In this counseling answer:

Very painful to any woman to see her husband lying about his marriage and talking to another woman. The counselor’s advice was: Try to save your marriage and to not put up with cheating, going out with other women, nor encourage this behavior by saying ‘yes’ to his infidelities. Not only are you putting yourself at risk for STD’s but you are subconsciously giving him the ‘green light” to cheat.


As salamu alaykum dear sister,

Shokran for writing to us.  I am sorry to hear about the issues you are having with your husband, it must be very painful for you sister and I can see you love him very much to agree to the things that you have agreed to.  Your husband should not be permitted to just go out with women and have coffee and talk, have affairs etc.
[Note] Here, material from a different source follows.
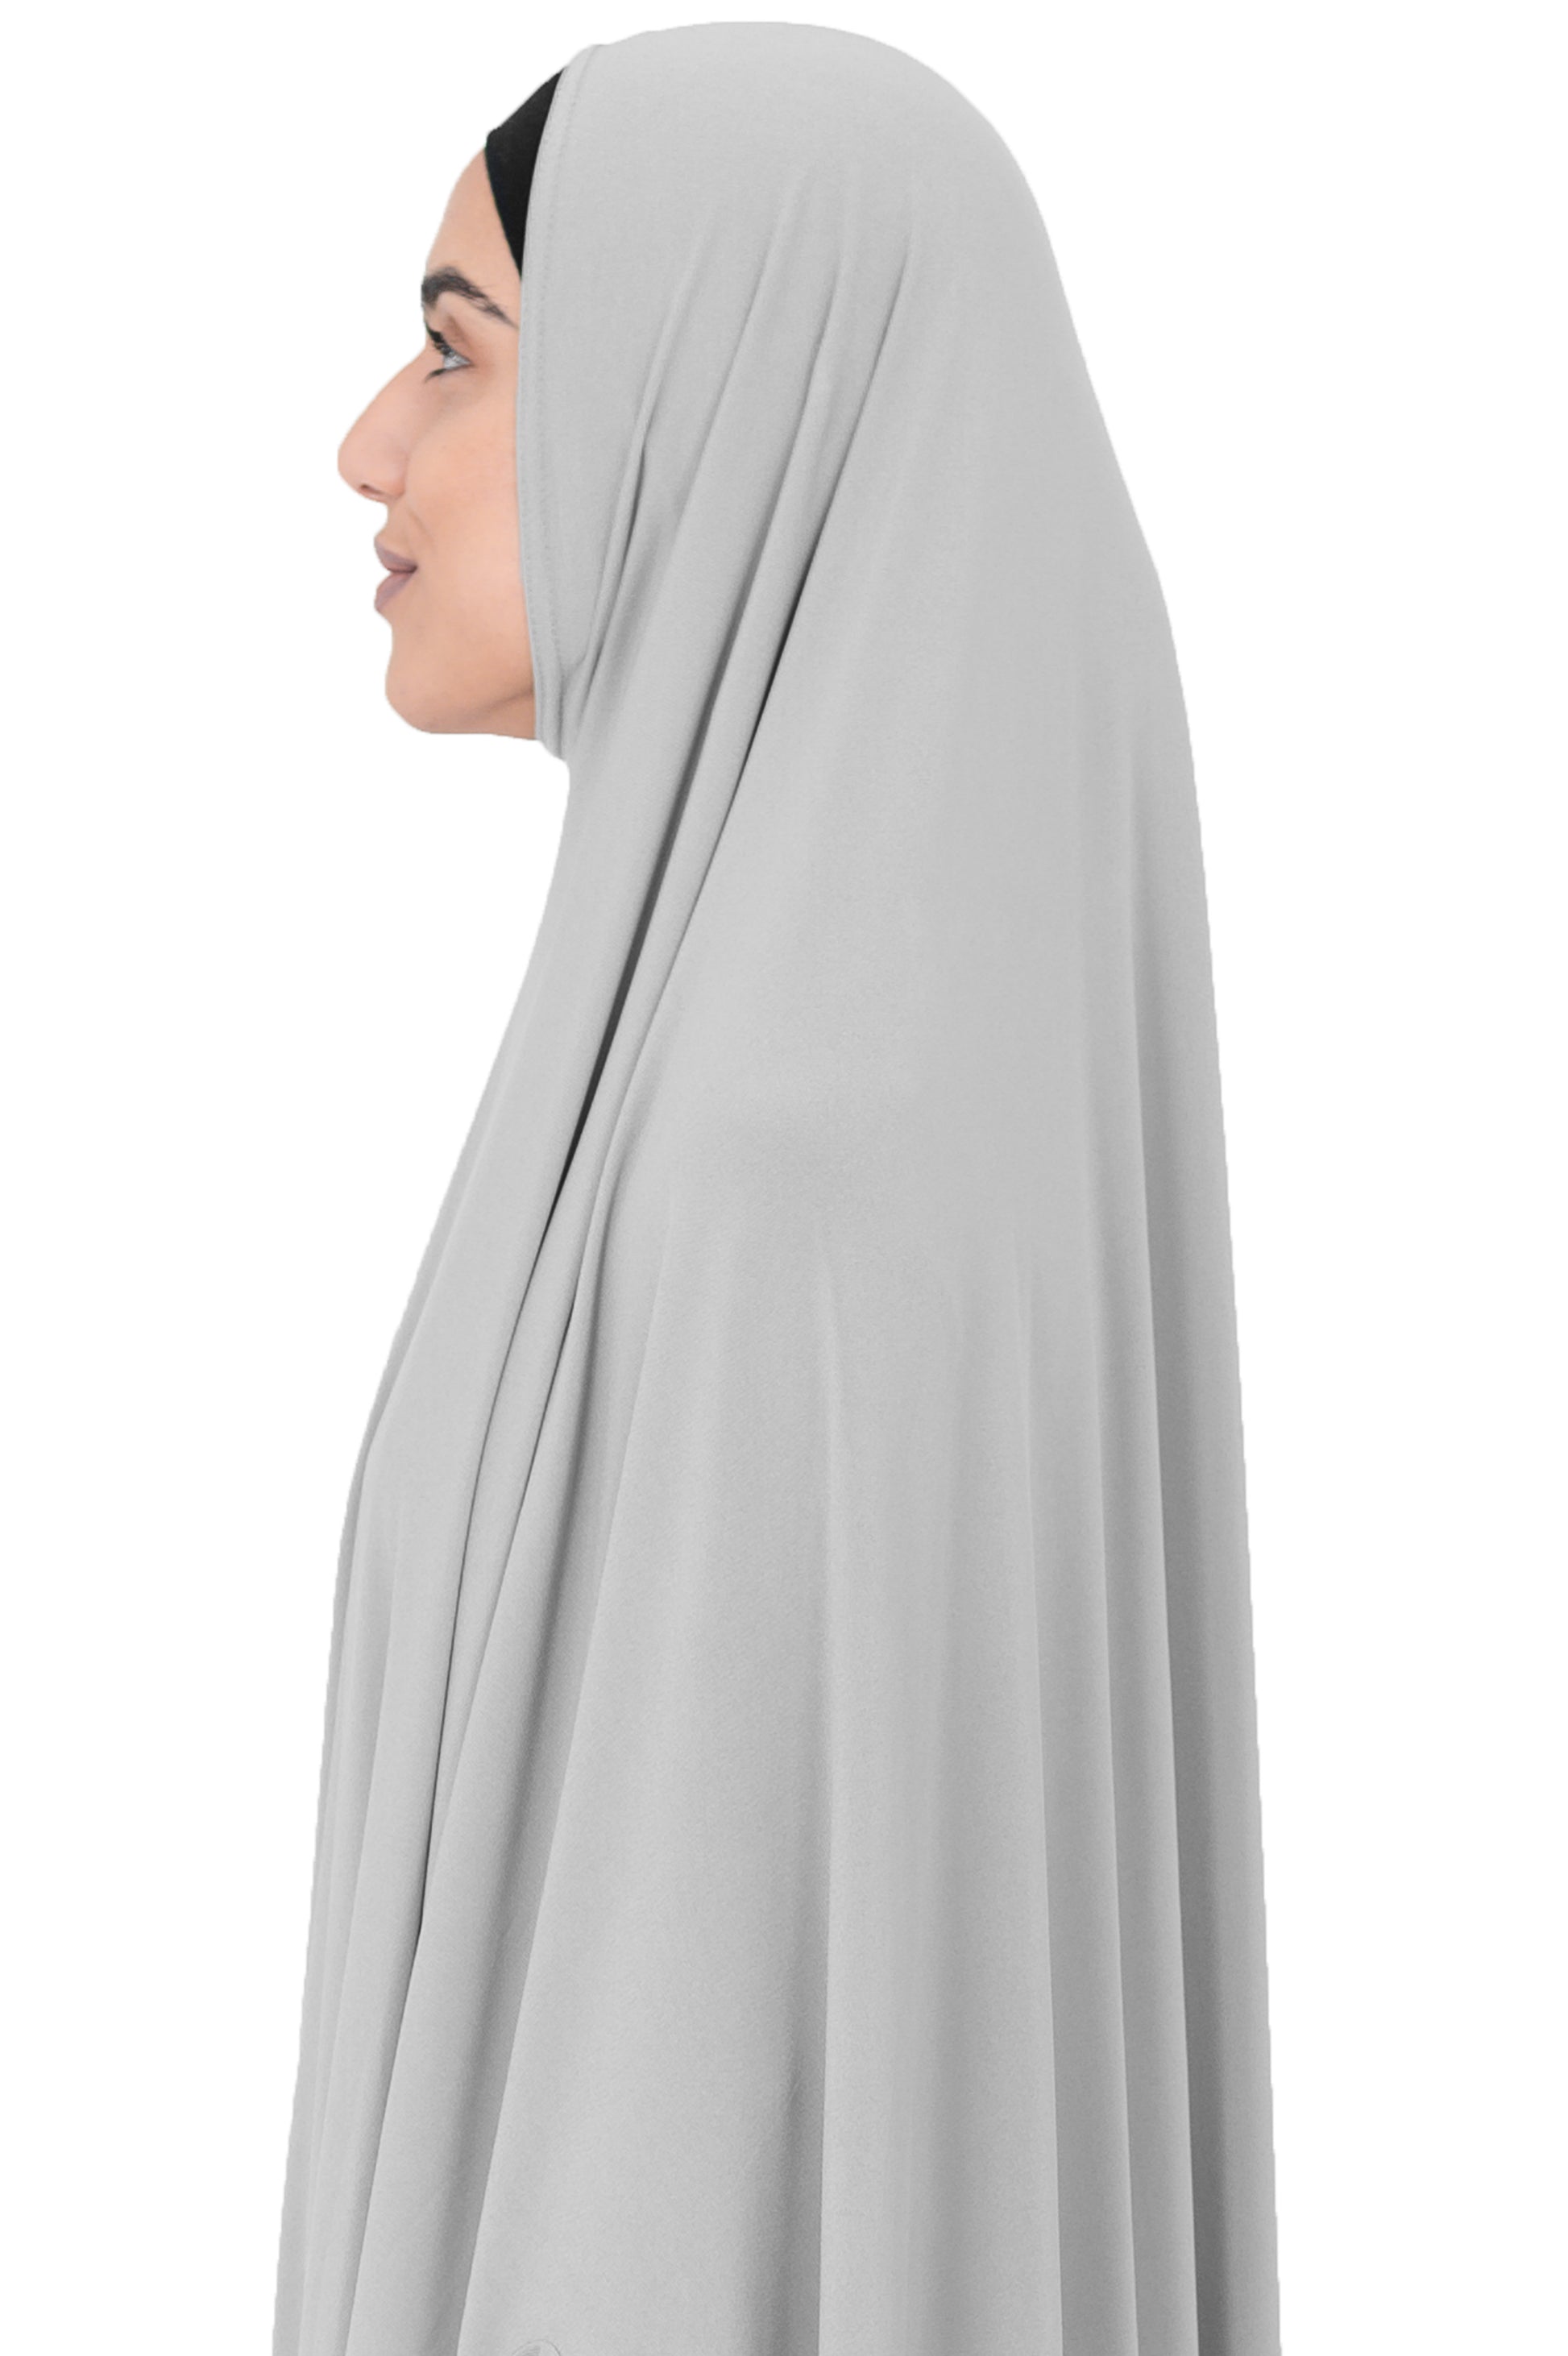 Xlong Standard Long Jelbab in Silver Grey - Behind The Veil

While I understand you love him and want him to be happy (stating you would move out so they could get married) there is a limit sister to what is permissible as you know.  He also lied about his marriage to you, stating he was engaged.  This is very troubling and really, even if he is not practicing Islam he should at least respect you and the marriage.

I would kindly suggest sister that you sit down and talk with him when things are calm.  I would ask him if he desires to still be married and if so, how does being married look like to him?  How would he like his marriage and wife to be?  Please do insha’Allah tell him as well what you expect from your marriage and from him as a husband.  If both of you can agree to heal your marriage and save it (which is what is recommended) then I kindly suggest that the two of you make a list of things that can draw you closer as a couple.  As you stated you were more of a traditional Muslim and he is not even practicing, possibly the first request would be for him to begin to practice Islam.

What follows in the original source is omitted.